Big question coming in next post.
You are normally reasonable Dave so I want you to help me answer your own question. To what extent can politicians blame previous and external factors for what happens on their watch? Obviously Labour cannot legitimately blame a “Global Financial Crisis started in America” because it wasn’t global, it didn’t hit Canada and quite a few other robust economies. Likewise Cameron and Osborne cannot blame the eurozone for their troubles. Likewise I think the point has passed where they can blame the last labour government – if such a point ever existed, because they agreed with all labours policies! Ie high spending, no bank reform, no bubble popping, and finally bailouts.
So yes if it had happened on Camerons watch (and it would have) then I would blame him and I would still blame socialism. To be more accurate I would blame that worst of both worlds we have – pure capitalism or pure socialism would not have had such a crisis, ie if we had enough regulation, or conversely no regulation.

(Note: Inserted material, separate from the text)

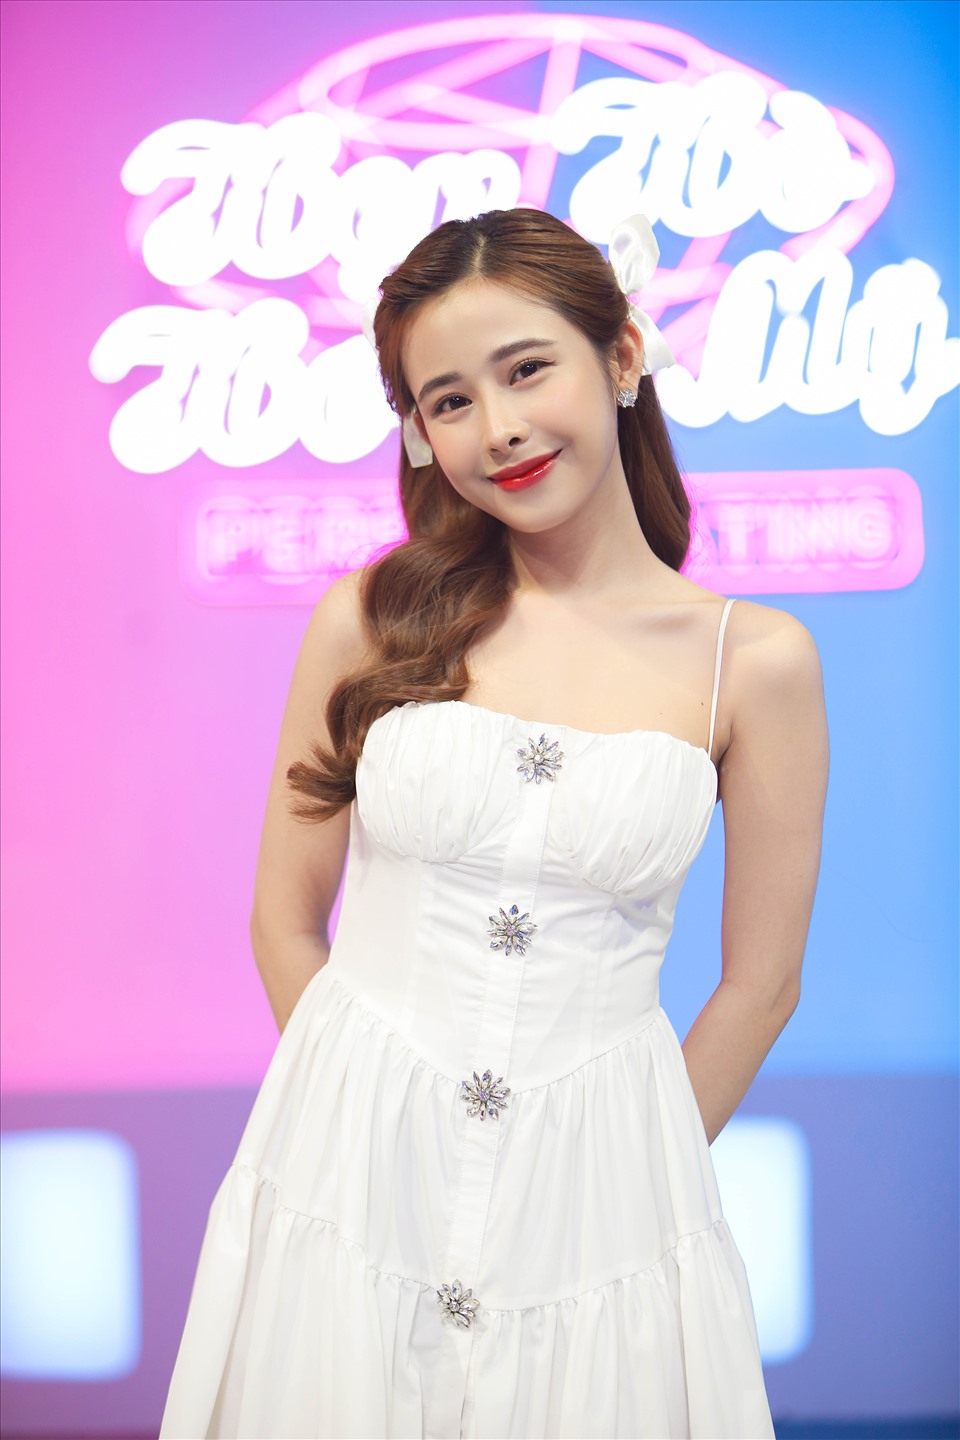 Diễn viên, người mẫu Phương Dung (sinh năm 1998) không chỉ được khán giả biết đến là một mẫu ảnh xinh đẹp mà còn để lại nhiều ấn tượng qua một số bộ phim như “Tình đầu đại ca”, “Friendzone”. Ảnh: CTCC.

But lets take it further – can Thatcher blame the recession she got on James Callaghan and the Labour govt 74-79, can she blame the unemployment on them? No that would be ridiculous wouldn’t it – she could have taken actions that would have caused reform but without all the unemployment – Reagan managed it, she didn’t, hence I hate it when people put the two side by side.
Therefore I think it is quite quite mad for people to be in power for 13 years here, starting almost 7-9 years after Thatcher and Reagan were out of power, and then blame their problems on Thatcher and Reagan!
The great thing about this crash was the “right” were in charge in America and the “left” here so all the things they would both like to say about each other are moot. People cannot call George Bush an idiot without calling Barack Obama and George Bush idiots too, as all 3 followed the exact same policies, and Cam would have too given the choice.
Sorry about late reply – been having a problem getting on this blog.
‘Can Thatcher blame the recession she got on James Callaghan and the Labour govt 74-79, can she blame the unemployment on them?’
Certainly she could if it was true. It wasn’t though – the recession of 1980-81 was caused by her policies. The only question in my mind is to what extent it was deliberate. I think – like engineering the 1984 Miners’ Strike using Nick Ridley’s proposals of 1978 – it was a deliberate policy, part of her attack on the unions.
New Labour could blame its problems on Thatcher if it hadn’t adopted a lot of her policies. The trouble is Labour had to become New Labour to get itself elected, so a lot of it is down to us, the electorate. A lot of us are still entrenched in the neo-liberal orthodoxy that got us into our present mess in the first place. State control of the economy happened because unregulated capitalism made a mess of things periodically and especially in 1929 onwards. But a lot of us have forgotten that, or we never knew it in the first place. It sounds good though – ‘free’ enterprise, private ‘individualism’, ‘freedom’ of trade, ‘free enterprise’. I’ve no problem with state control if we control the state. The problem is when the state controls us. The trouble is that a lot of us let it.
Generally though I’m fed up listening to politicians of all shades lying with statistics, backed up by this or that partial think-tank or this or that pundit talking as if they know what they’re talking about. We have real problems and they need real solutions – not simple black and white solutions like the kind that UKIP proposes. There must be sensible, mature people about somewhere and I wish I could find them. It would be such a refreshing change from Kate’s morning sickness!